数据库 及数据下载
目录
要点: 熟悉生信分析常用的数据库及数据下载方法。
参考基因组
参考基因组主要包括序列文件fa和注释文件gtf。 本文主要关注物种是人和鼠。以human为例,常见的版本有 hg19和hg38。有三个提供者 ensemble,UCSC和NCBI。
注意:下载的时候要注意配套,即从同一个提供者下载fa和gtf,否则后期会多很多麻烦。
Ensembl /GENCODE
Ensembl
官网: https://asia.ensembl.org/index.html,建议自己到主页找,不要用下面的链接,因为每个月都在更新。

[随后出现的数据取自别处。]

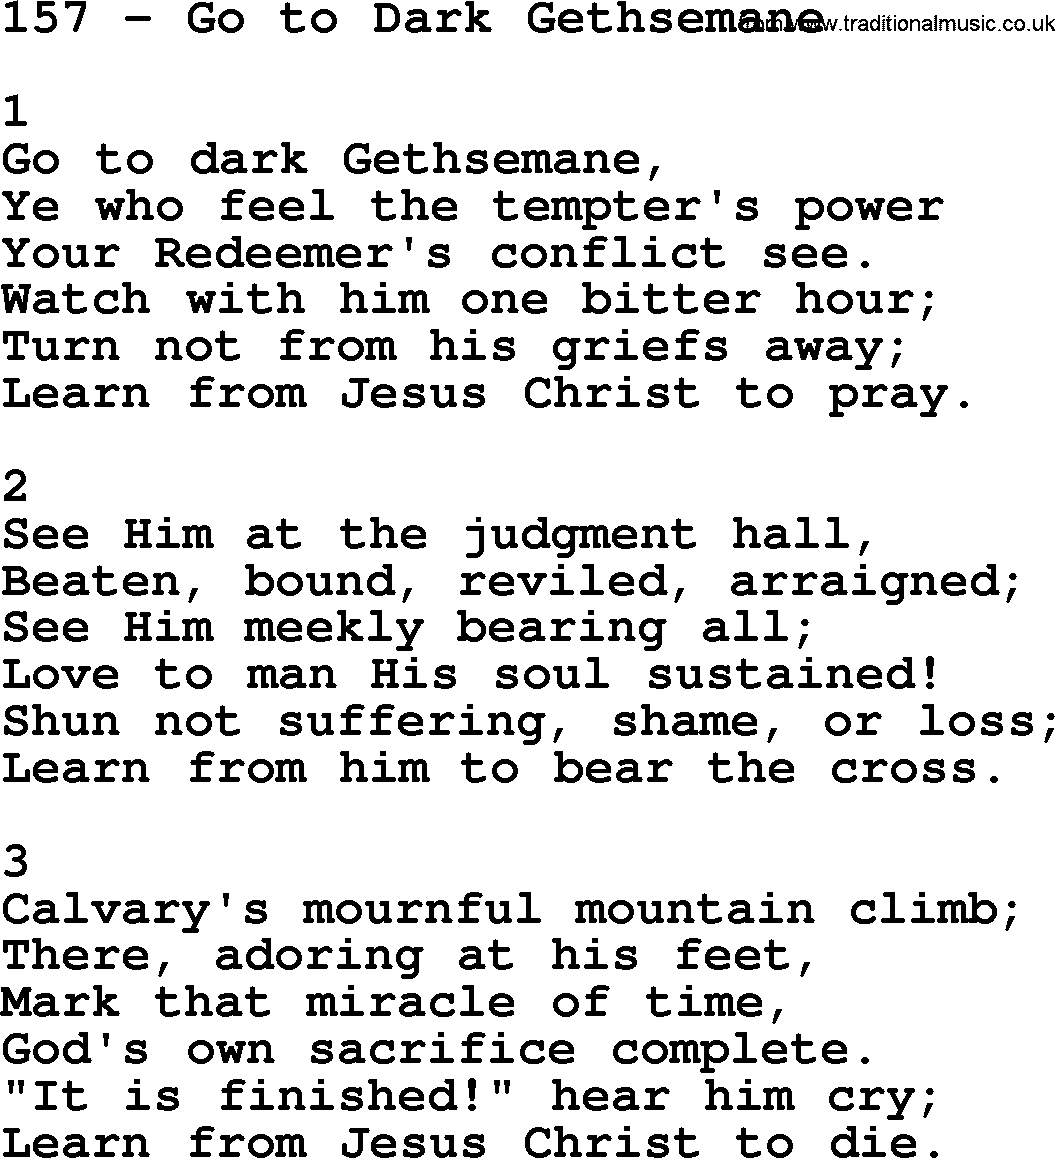 Complete Adventis Hymnal, title: 157-Go To Dark Gethsemane, with lyrics, midi, mp3, powerpoints(PPT) and PDF,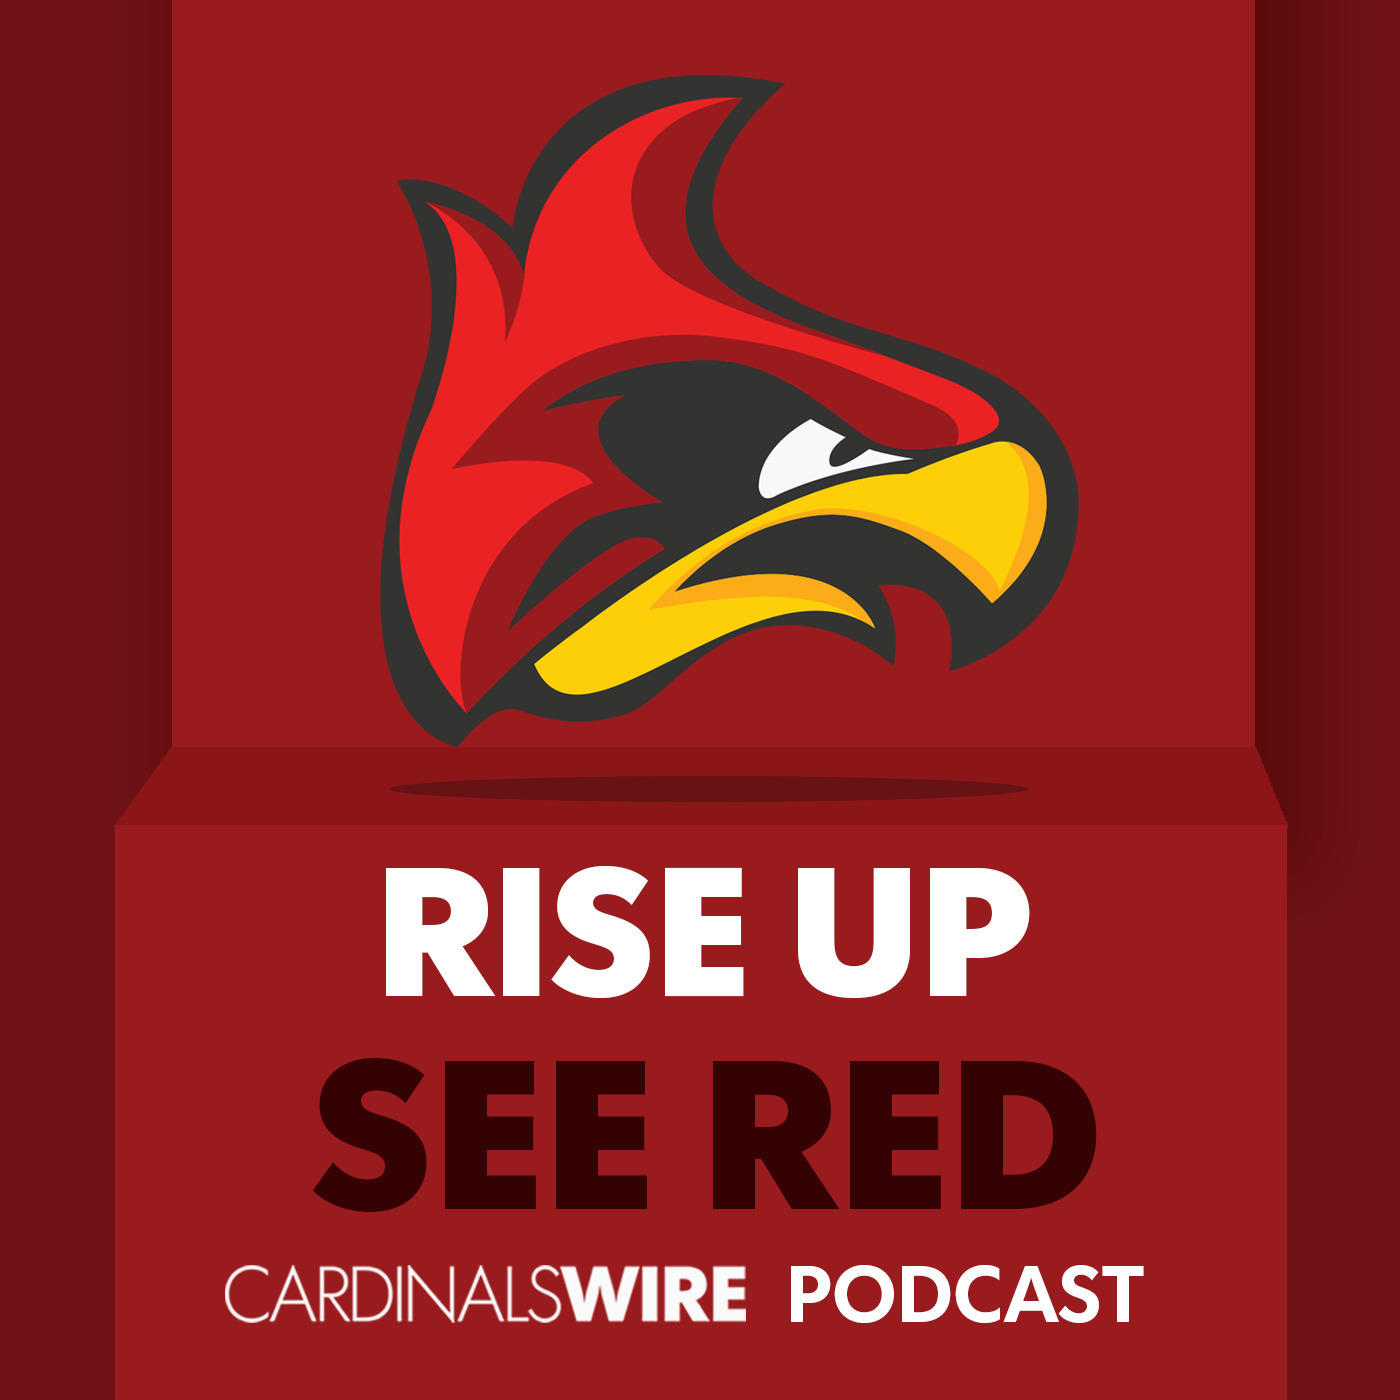 Cardinals-Eagles Week 17 preview with Glen Erby

单击中部的 human,新页面右侧Gene annotation中 Download FASTA files for genes, cDNAs, ncRNA, proteins,及 Download GTF or GFF3 files for genes, cDNAs, ncRNA, proteins,
# fasta: ftp://ftp.ensembl.org/pub/release-102/fasta/homo_sapiens/dna/ $ wget ftp://ftp.ensembl.org/pub/release-102/fasta/homo_sapiens/dna/Homo_sapiens.GRCh38.dna.primary_assembly.fa.gz $ gunzip Homo_sapiens.GRCh38.dna.primary_assembly.fa.gz 几个版本的区别: * 'dna' - unmasked genomic DNA sequences. * 'dna_rm' - masked genomic DNA. Interspersed repeats and low complexity regions are detected with the RepeatMasker tool and masked by replacing repeats with 'N's. * 'dna_sm' - soft-masked genomic DNA. All repeats and low complexity regions have been replaced with lowercased versions of their nucleic base # gtf: ftp://ftp.ensembl.org/pub/release-102/gtf/homo_sapiens/ $ wget ftp://ftp.ensembl.org/pub/release-102/gtf/homo_sapiens/Homo_sapiens.GRCh38.102.chr.gtf.gz # In the case of human and mouse, the GTF files found here are equivalent to the GENCODE gene set. # mouse $ wget ftp://ftp.ensembl.org/pub/release-102/gtf/mus_musculus/Mus_musculus.GRCm38.102.chr.gtf.gz #带chr的少很多行,可能是只有染色体,不包含未拼接上的。 $ wget ftp://ftp.ensembl.org/pub/release-102/fasta/mus_musculus/dna/Mus_musculus.GRCm38.dna.primary_assembly.fa.gz
GENCODE
官网: https://www.gencodegenes.org/,建议自己到主页找,不要用下面的链接,因为每个月都在更新。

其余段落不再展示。